The `load_time_series` function is designed to load multiple time-series files from a specified directory and process them in parallel, resulting in a summarized DataFrame. Below is a detailed breakdown of its functionality:


## 1. Retrieve All File/Folder Names

    * os.listdir(dirname) gets a list of all files or folders in the specified dirname directory and stores it in ids.

## 2. Process Files in Parallel:

    * ThreadPoolExecutor() is used to process the files concurrently. This parallel processing speeds up the function, especially if there are many files to process.

    * For each file/folder name in ids, it calls the process_file function using a lambda function, with fname as the filename and dirname as the directory.

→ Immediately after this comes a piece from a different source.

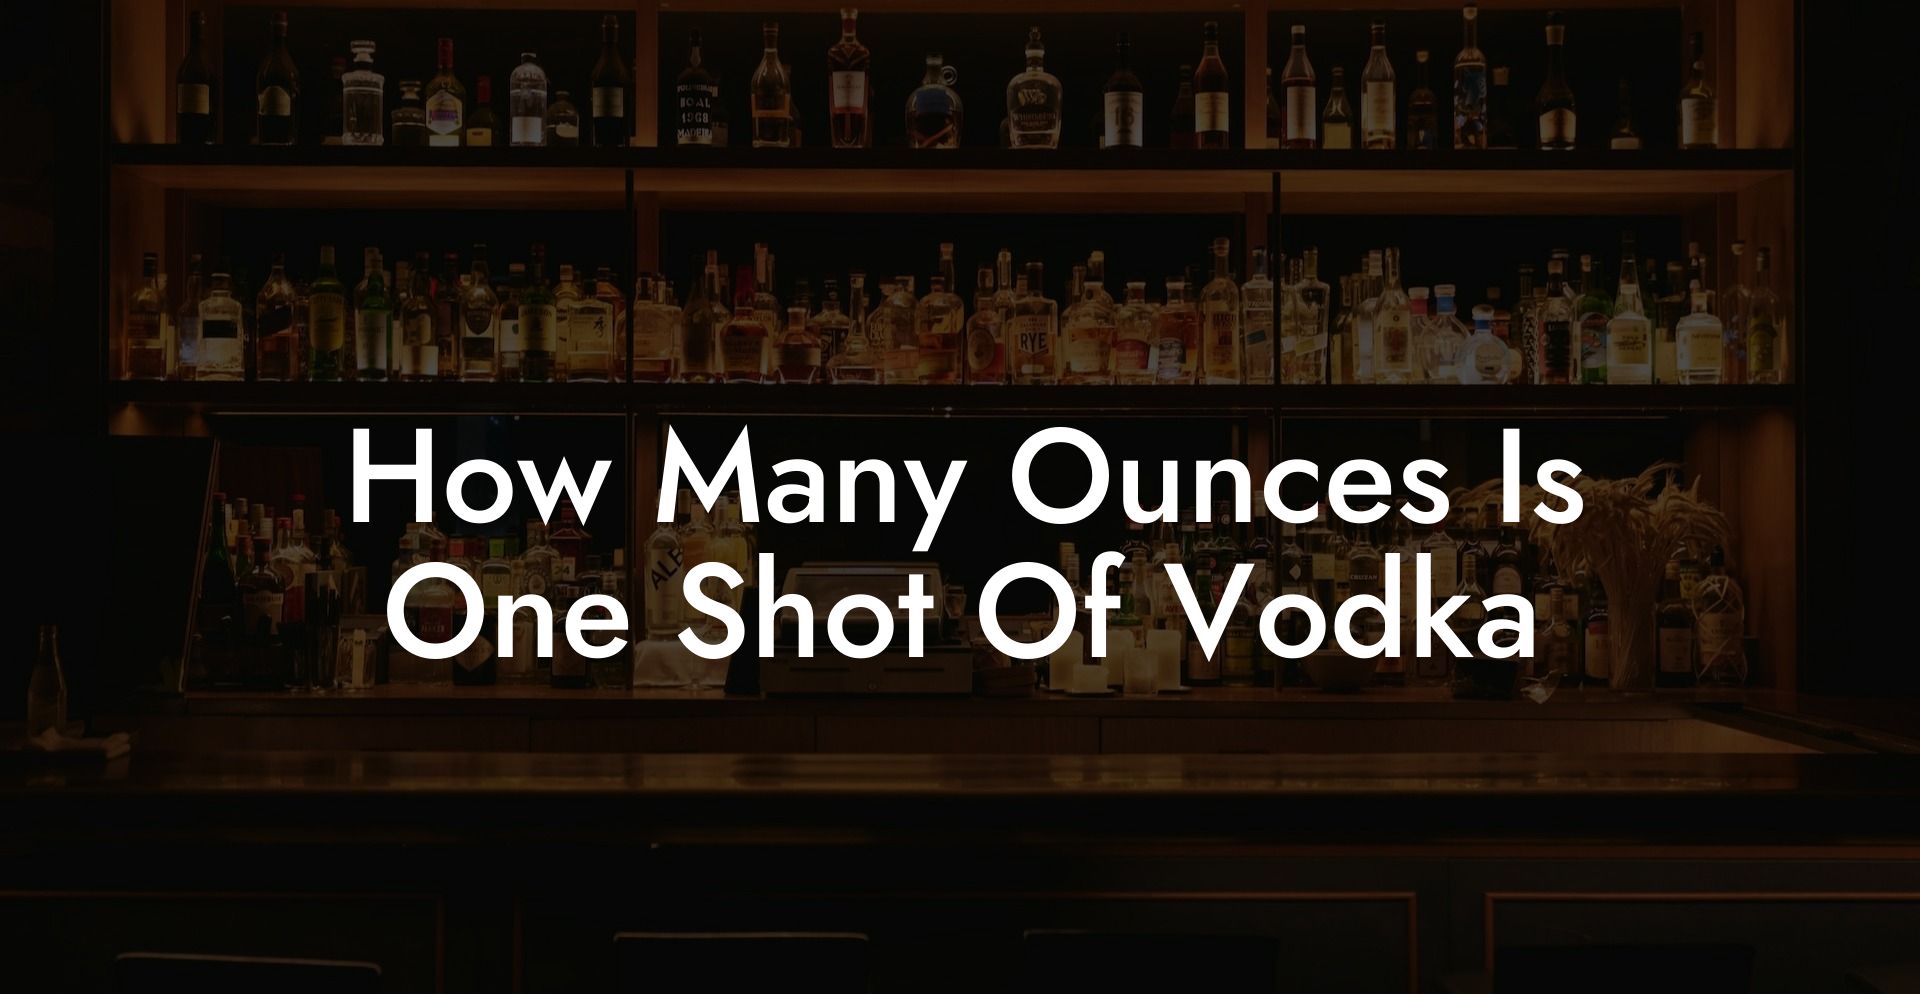 How Many Ounces Is One Shot Of Vodka

    * tqdm() is used to display a progress bar, showing how many files have been processed out of the total (total=len(ids)).

## 3. Unpack the Results:

* results is a list where each entry contains:
    * The flattened summary statistics of each file (from process_file).
    * An identifier derived from the filename (also from process_file).

* zip(results) splits this list of tuples into two separate lists:
    * stats holds the summary statistics arrays for each file.
    * indexes holds the identifiers (extracted from the filename).

## 4. Create a DataFrame from Summary Statistics:

    * A DataFrame data is created with stats as rows, with each column named stat_0, stat_1, etc., based on the number of summary statistics.

    * data['id'] = indexes adds an id column with unique identifiers from each file.

## 5. Return the Summary DataFrame:

    * Finally, the function returns data, a DataFrame where each row represents a summarized time-series file with its unique identifier.

This function is efficient for summarizing large numbers of time-series files quickly and storing the summary information in a single, structured DataFrame.

train_parquet = load_time_series(actigraphy_train_path)
test_parquet = load_time_series(actigraphy_test_path)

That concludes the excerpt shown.